To extract the image pixel values, which are stored within a HDF5 file (see https://portal.hdfgroup.org/display/HDF5/HDF5 for more information) the following functions are used. To define the images and associated bands to be used for the classification and therefore values need to be extracted then a list of rsgislib.imageutils.ImageBandInfo classes needs to be provided:

import rsgislib.imageutils

imgs_info = []
imgs_info.append(rsgislib.imageutils.ImageBandInfo(fileName='sen2_srefimg.kea', name='sen2', bands=[1,2,3,4,5,6,7,8,9,10]))
imgs_info.append(rsgislib.imageutils.ImageBandInfo(fileName='sen1_dBimg.kea', name='sen1', bands=[1,2]))

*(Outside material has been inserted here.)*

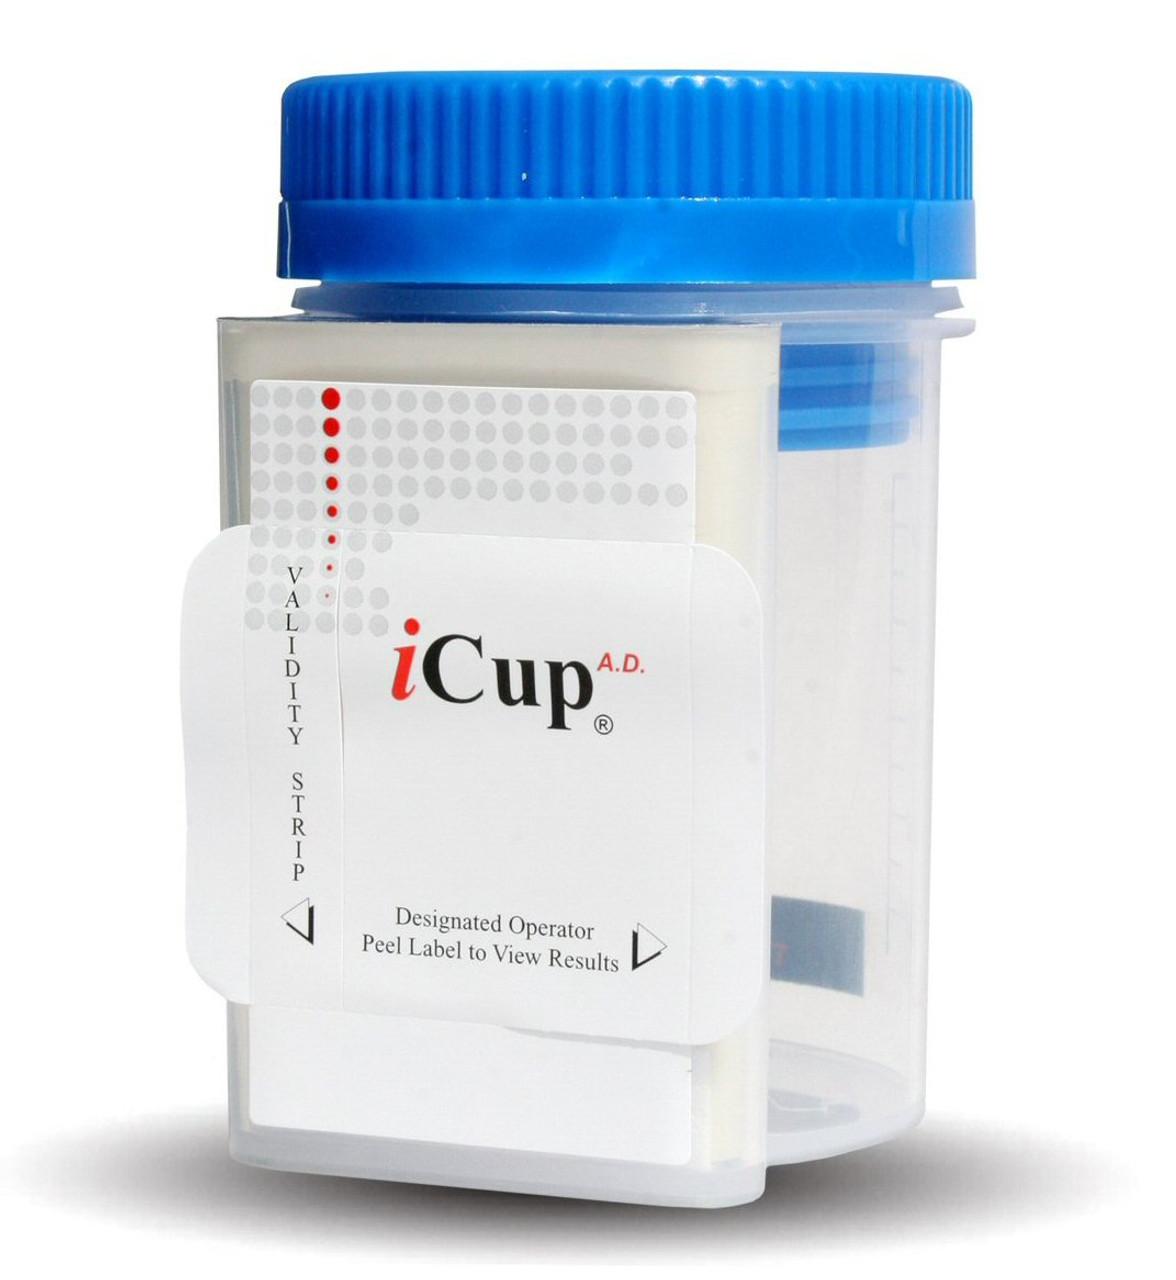 iCup 7 Panel Abbott / Alere Diagnostics Drug Test Cup

mangroves_sample_h5 = 'mangrove_cls_samples.h5'
rsgislib.imageutils.extractZoneImageBandValues2HDF(imgs_info, mangroves_sample_img, mangroves_sample_h5, 1)

other_sample_h5 = 'other_cls_samples.h5'
rsgislib.imageutils.extractZoneImageBandValues2HDF(imgs_info, other_sample_img, other_sample_h5, 1)

If training data is extracted from multiple input images then it will need to be merged using the following function:

rsgislib.imageutils.mergeExtractedHDF5Data(['mang_samples_1.h5', 'mang_samples_2.h5'], 'mangrove_cls_samples.h5')
rsgislib.imageutils.mergeExtractedHDF5Data(['other_samples_1.h5', 'other_samples_2.h5'], 'other_cls_samples.h5')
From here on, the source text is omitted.